* Task instructions
The answer should be every line below, repeated exactly, with the images left out.

* Data shown
================

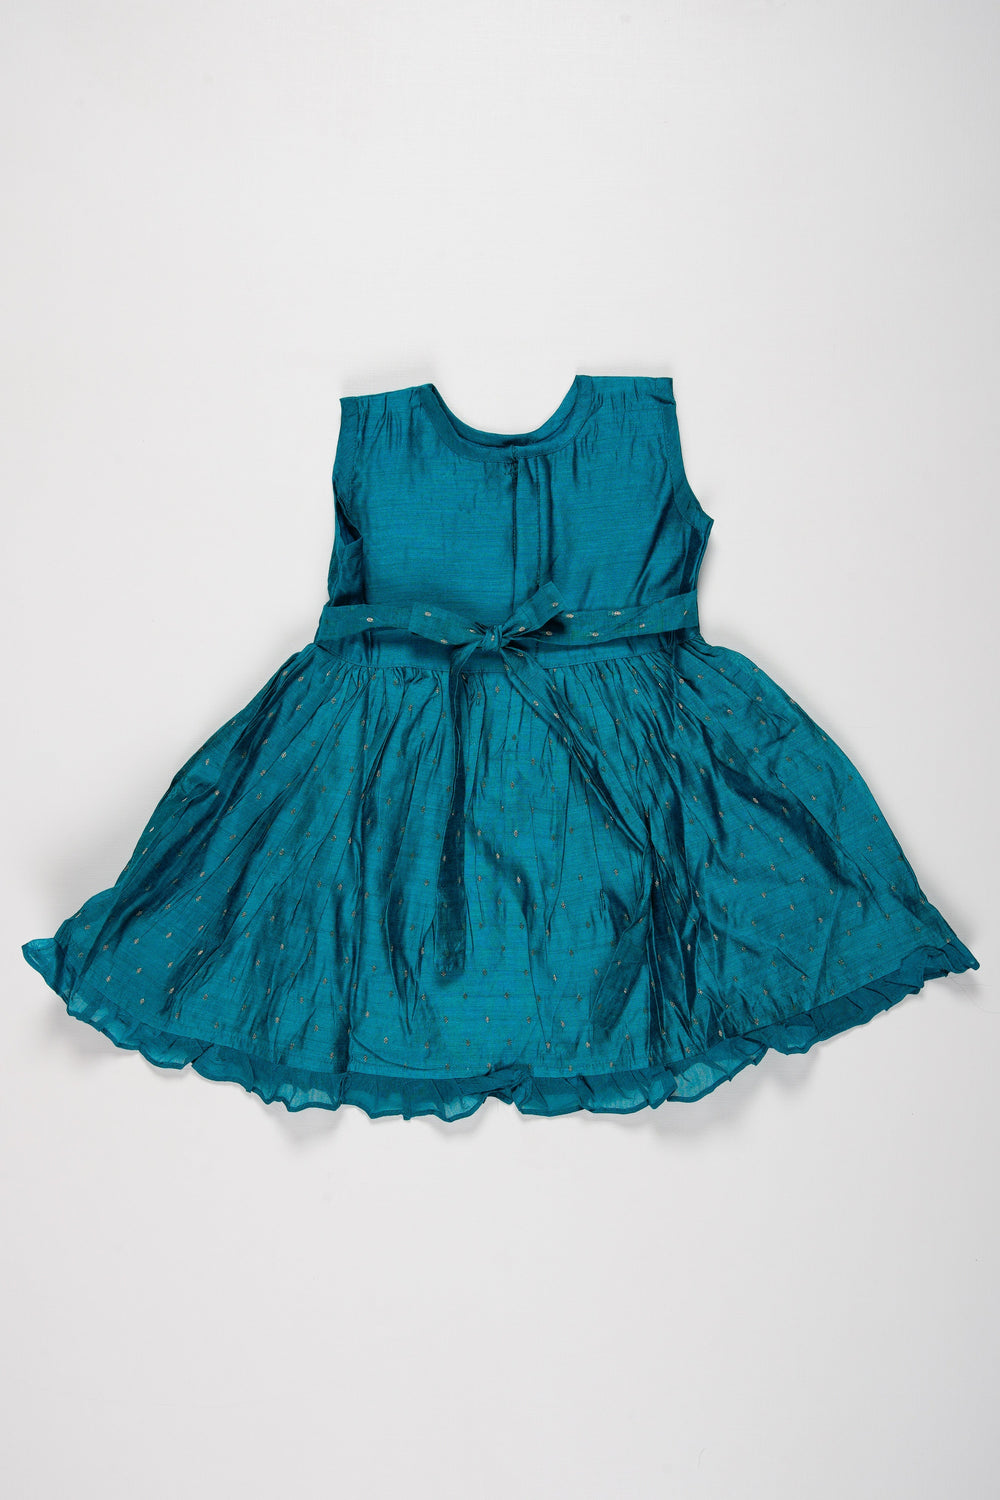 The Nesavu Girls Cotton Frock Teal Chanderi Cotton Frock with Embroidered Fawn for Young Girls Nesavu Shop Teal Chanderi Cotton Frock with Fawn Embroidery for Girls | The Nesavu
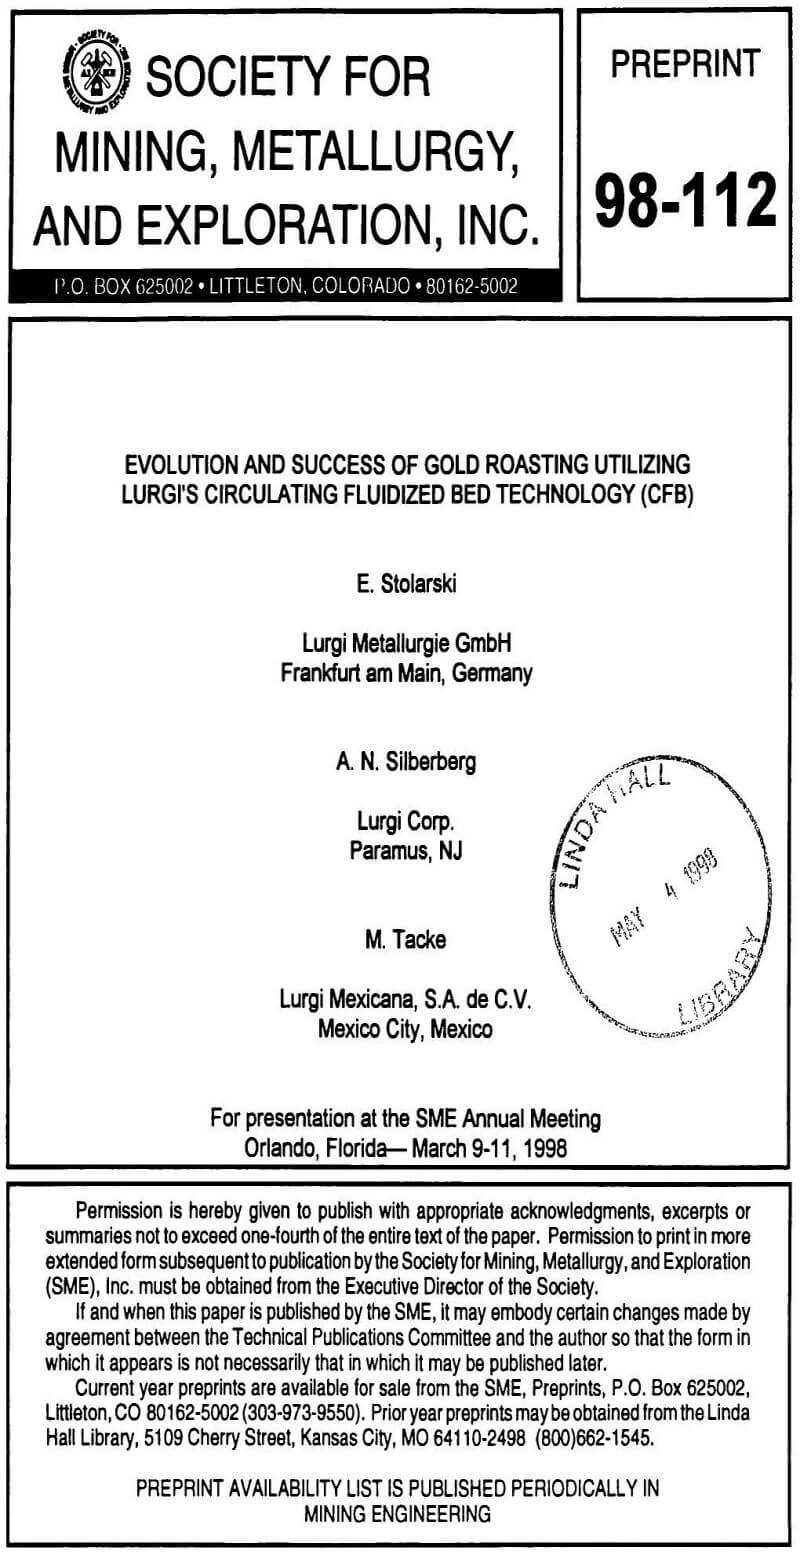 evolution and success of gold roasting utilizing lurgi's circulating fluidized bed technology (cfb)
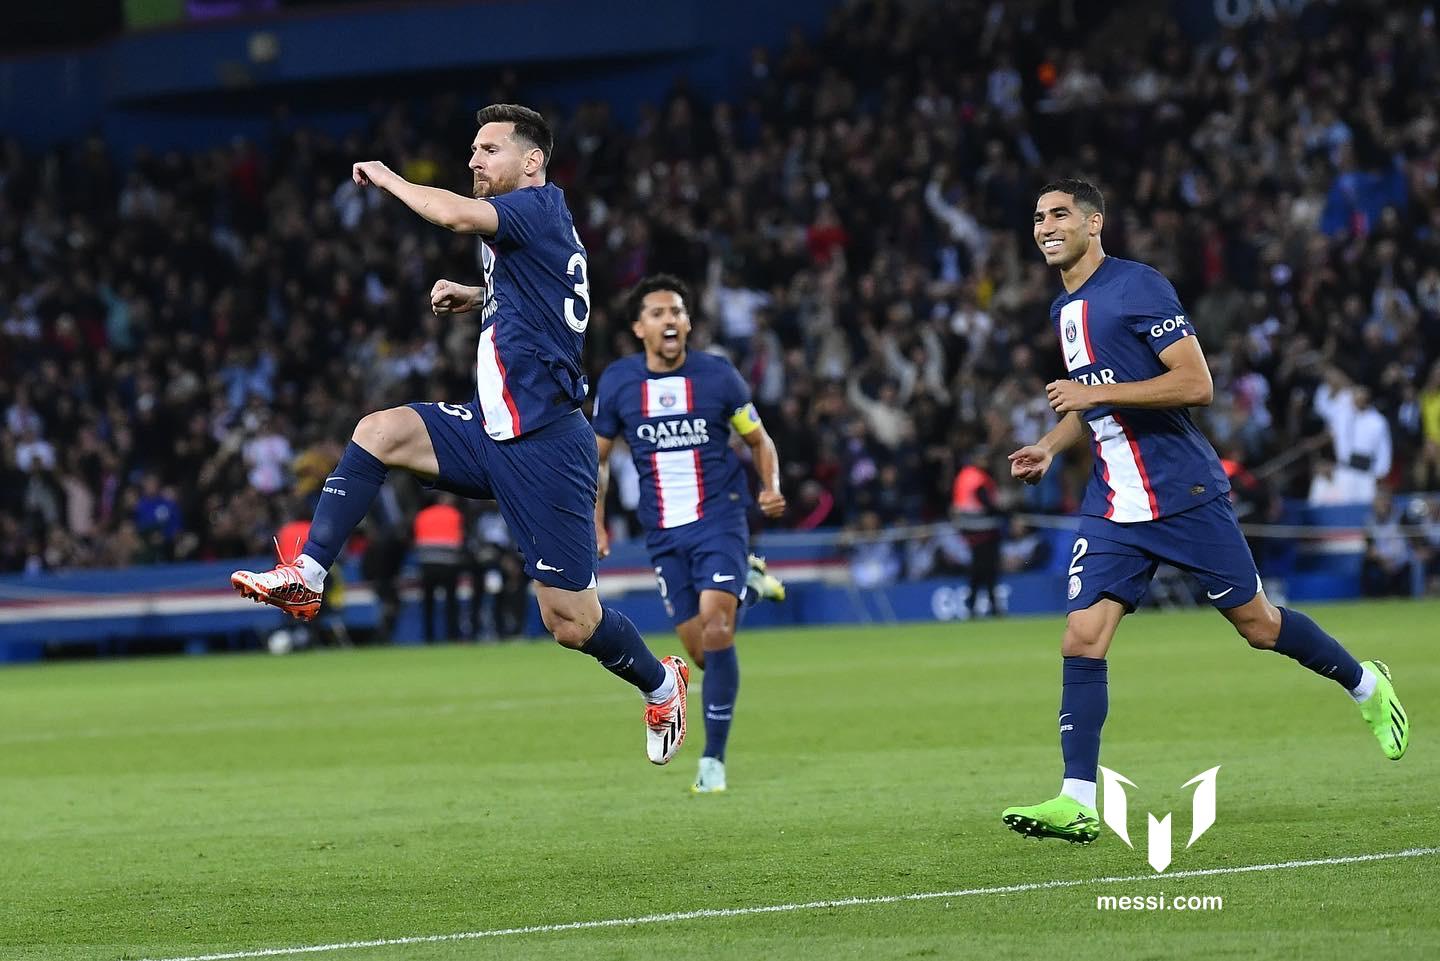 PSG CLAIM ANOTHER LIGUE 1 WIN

================

* Response box
 The Nesavu Girls Cotton Frock Teal Chanderi Cotton Frock with Embroidered Fawn for Young Girls Nesavu Shop Teal Chanderi Cotton Frock with Fawn Embroidery for Girls | The Nesavu
 evolution and success of gold roasting utilizing lurgi's circulating fluidized bed technology (cfb)
 PSG CLAIM ANOTHER LIGUE 1 WIN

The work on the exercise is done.